Tierheim zu teuer?: Bürgermeister ließ Hunde töten

Ein Bürgermeister in Niedersachsen ließ zwei Terrier töten. Die Geldstrafe wegen Verstoß gegen das Tierschutzgesetz akzeptiert er nicht.

Mal kampfeslustig, mal friedlich: Amerikan Staffordshire Terrier Foto: dpa

HAMBURG taz | Weil er zwei Hunde töten ließ, soll ein ehemaliger Bürgermeister in Südniedersachsen eine Geldstrafe zahlen.
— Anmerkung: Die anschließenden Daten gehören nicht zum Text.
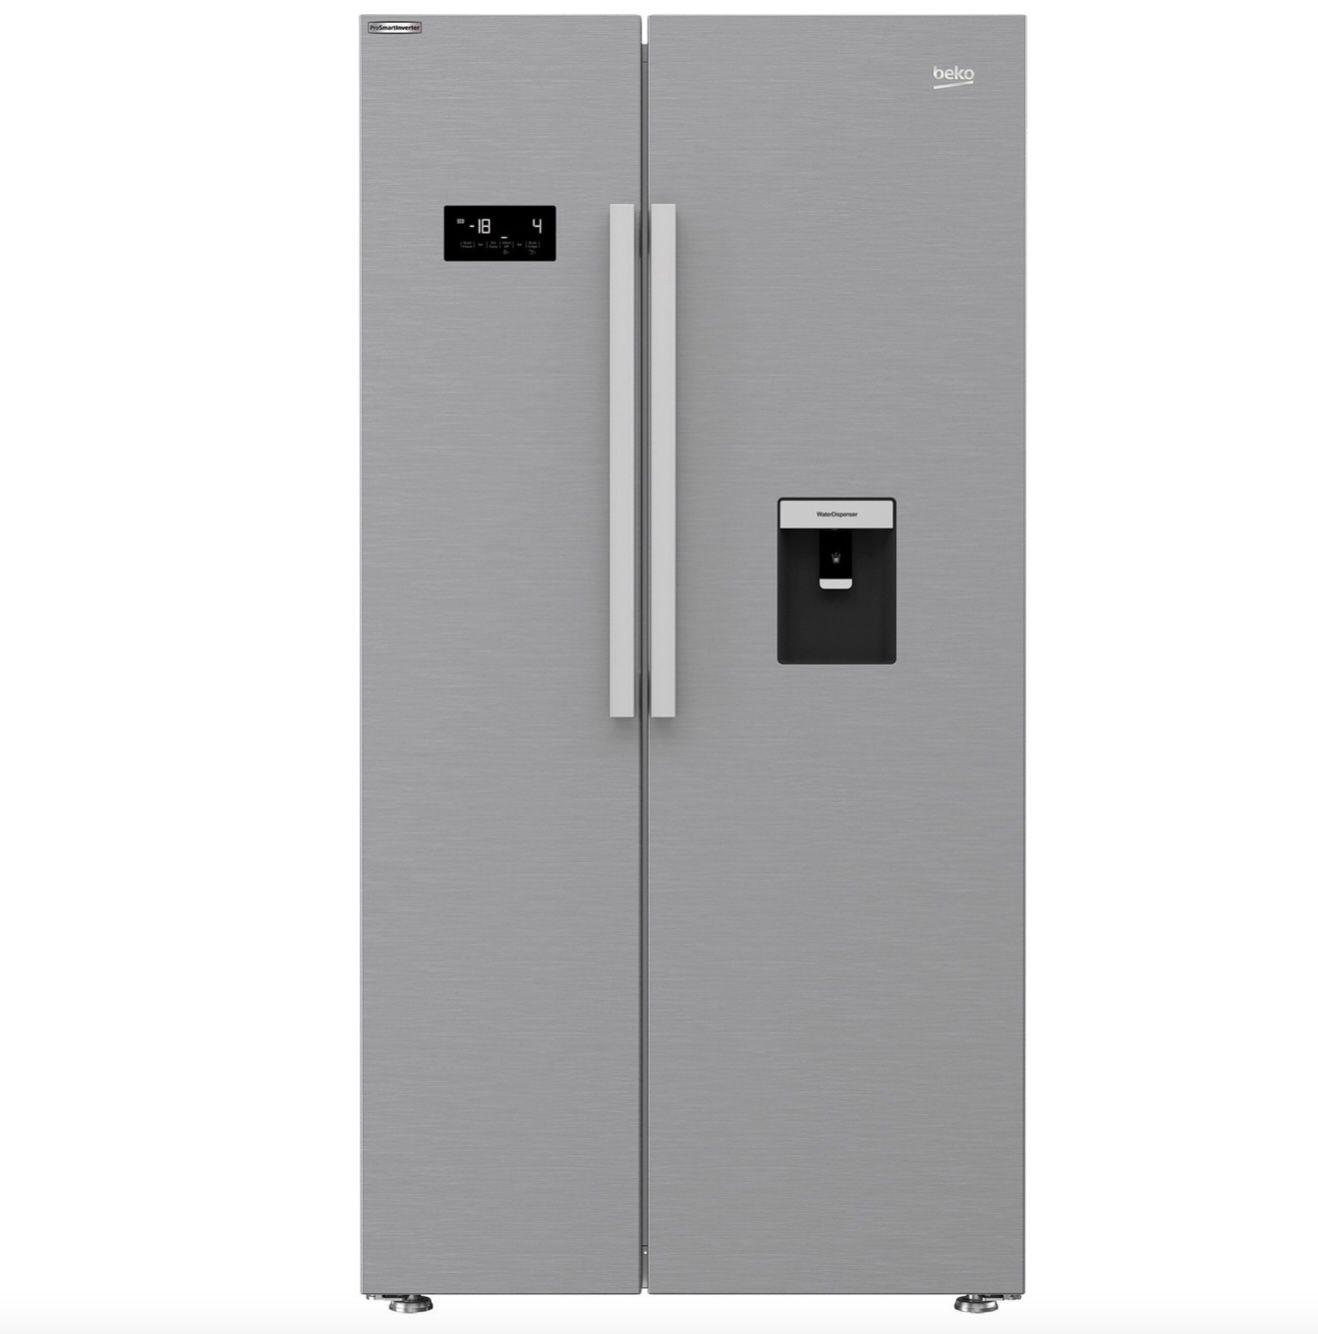 Beko GNE63521DXB Kühl-/Gefrierkombination Edelstahllook No Frost & Wasserspende für 449,91€ (statt 699€)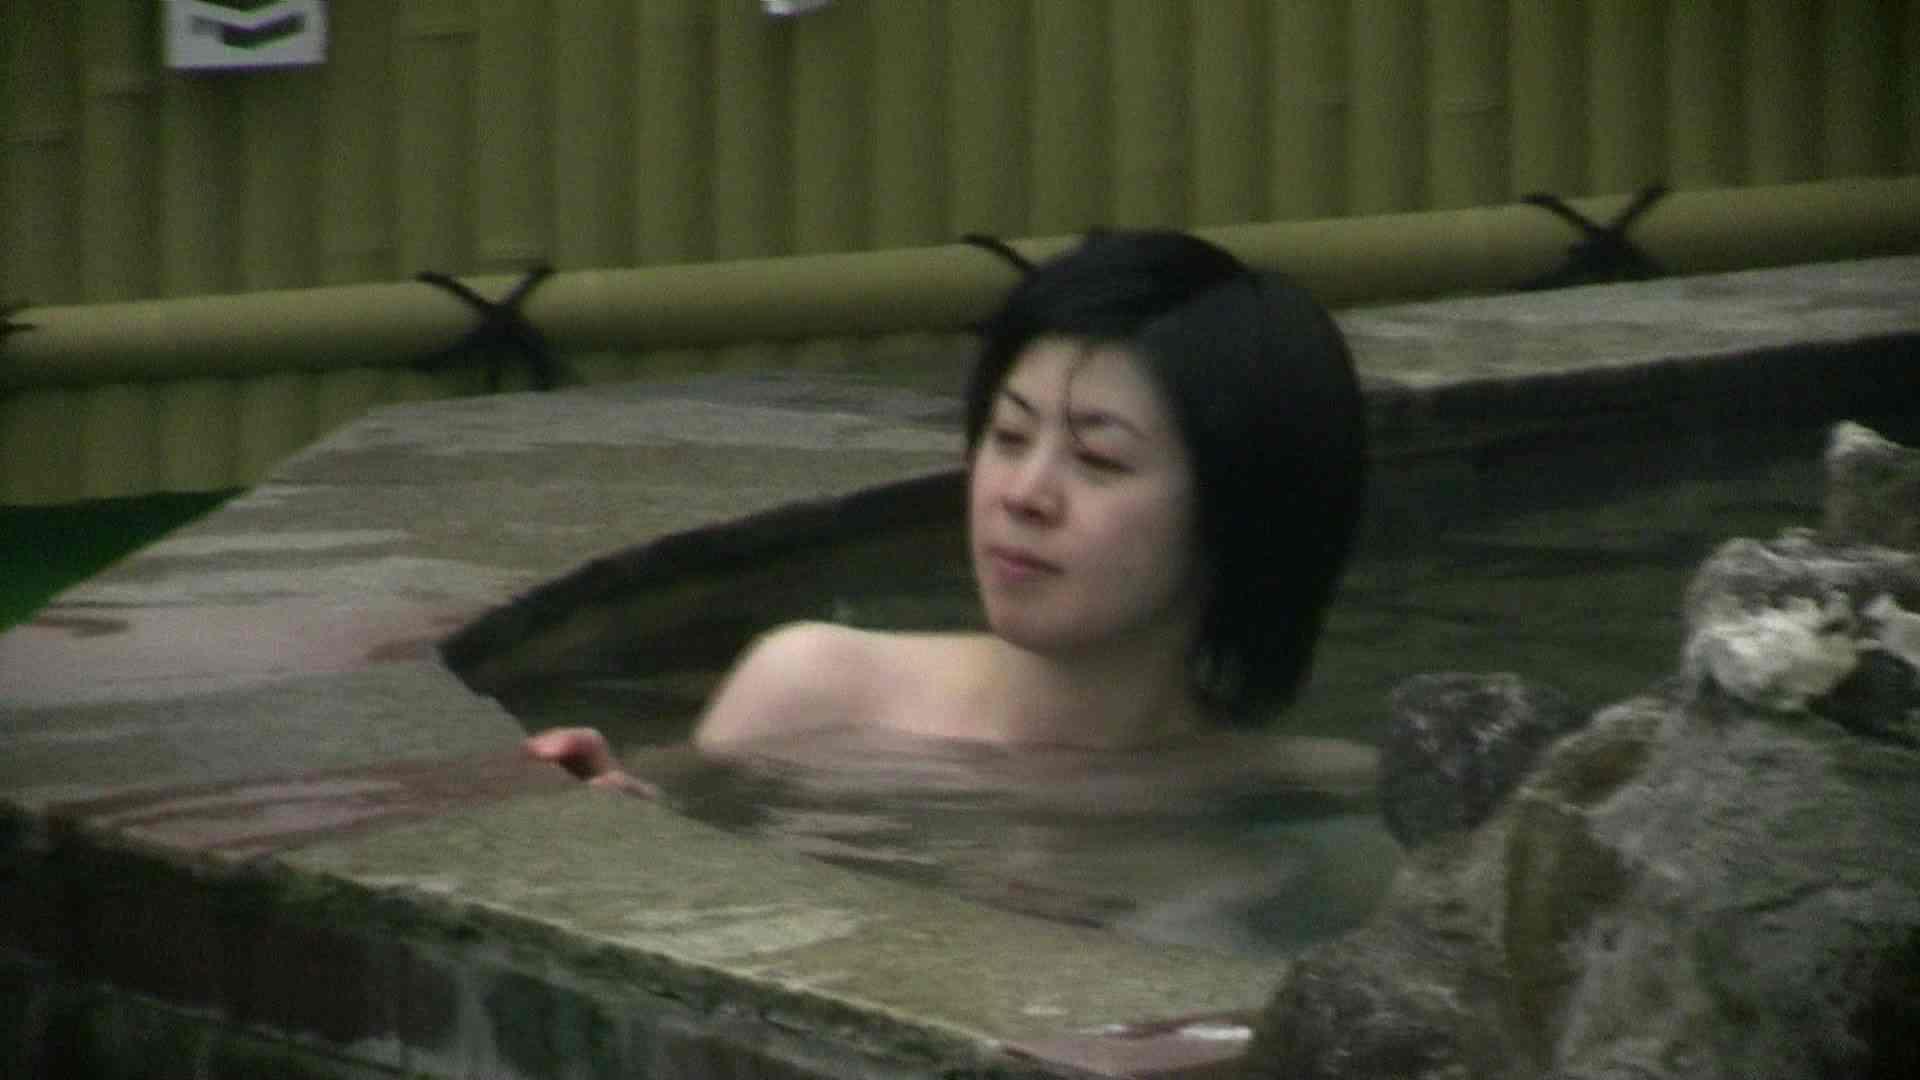 Aquaな露天風呂Vol.685 0   0  60pic 25

Die Versorgung und Unterbringung der beiden Hunde auf Gemeindekosten sei dem CDU-Lokalpolitiker schlicht zu teuer gewesen, sagt die Staatsanwaltschaft. Die beiden Staffordshire-Terrier hatten 2009 ein 17-jähriges Mädchen angegriffen. Als der Bürgermeister sie 2013 von einem Tierarzt einschläfern ließ, waren sie gesund und es sei mittlerweile keine Gefahr mehr von ihnen ausgegangen. Die Staatsanwaltschaft wirft dem ehemaligen Bürgermeistern daher einen Verstoß gegen das Tierschutzgesetz vor. Einen entsprechenden Strafbefehl will der allerdings nicht akzeptieren. Nun geht der Fall vor Gericht.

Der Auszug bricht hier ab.